To do a subtract immediate by using AI Rx,-VALUE isn't too difficult.

TI never changed to the Z80 CPU. It was just a suggestion, but it was turned down.

They did develop the TMS 9995, which was a 16-bit CPU with an 8-bit data bus (like the 8088). The TMS 9995 was much more efficient internally, and thus roughly three times faster. It was supposed to be used in the TI 99/8.

The TMS 9900 is really the multi-chip architecture of an early TI 990 mini computer on one chip.

Edited March 8, 2021 by apersson850

+mizapf · March 8, 2021

Interesting read; some comments from me ...

I never heard about "pseudo-registers"; it's not a term used by TI. The TMS9900 is a memory-memory architecture, hence the registers are in memory. At first I though you referred to the hardware registers as pseudo-registers (because you cannot freely use them). Registers are referred to in instructions; you have to provide their 4-bit numbers, unlike accesses to memory locations where you provide the address. From the point of view of the instruction set, it is not correct to say that the TMS9900 only has 3 registers; it does have 16 registers. If you like, you could probably differentiate between the hardware view (3 registers: WP, PC, SR) and the software view (set of 16 registers, freely locatable in memory).

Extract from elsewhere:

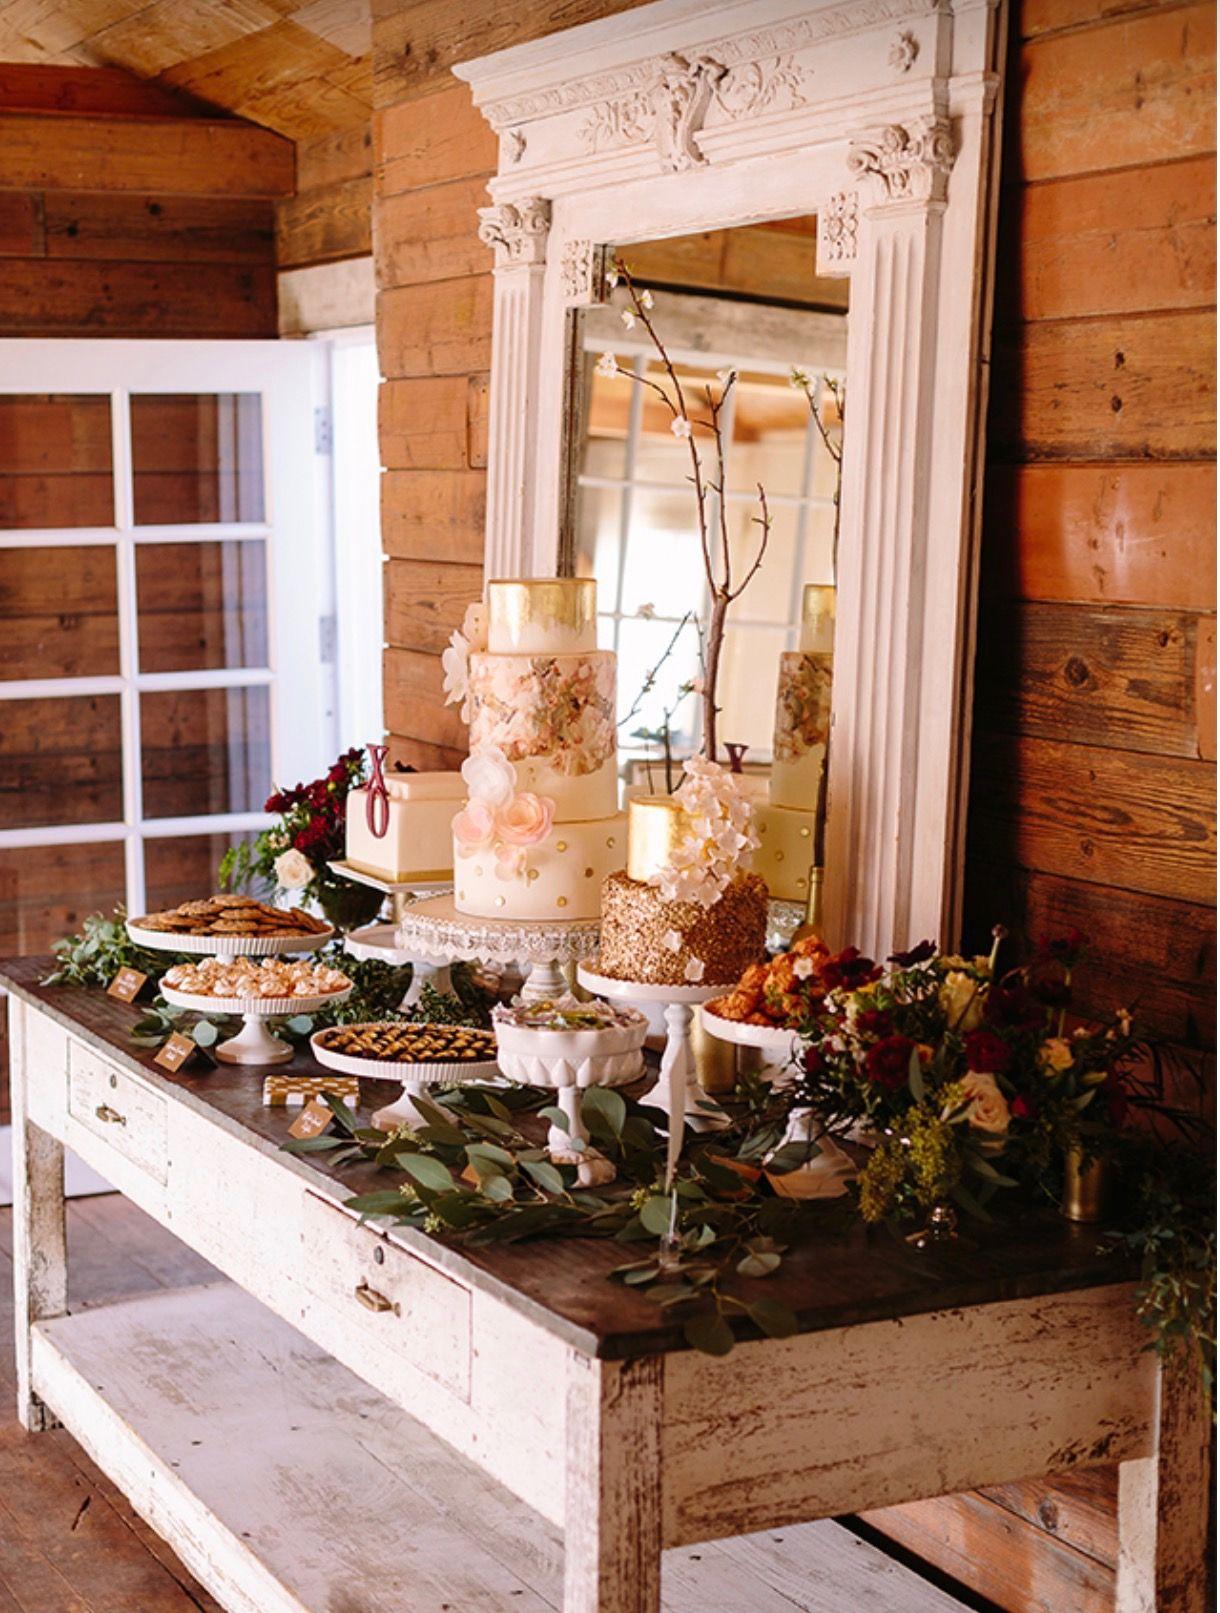 Pin by sasha crescentini on wedding cakedessert bar pinterest

Some instructions (XOP, BLWP) do what the E/A manual calls a "context switch". The term context is usually a bit broader, encompassing registers and other relevant data for a process. For the TMS9900, the relevant data are only the registers, so the context switch is done by a branch with workspace change. The set of registers is officially called the "workspace" rather than the context.

Also, a "dedicated 32-byte memory space" may imply that there is only one such space in memory. Any location in memory may serve as the start of the 16 word register area (if there is RAM, of course).

I did not quite understand your explanation of X (Execute): This command puts the value of the operand into the instruction register and executes that instruction. Hence, you can e.g. create a command during runtime.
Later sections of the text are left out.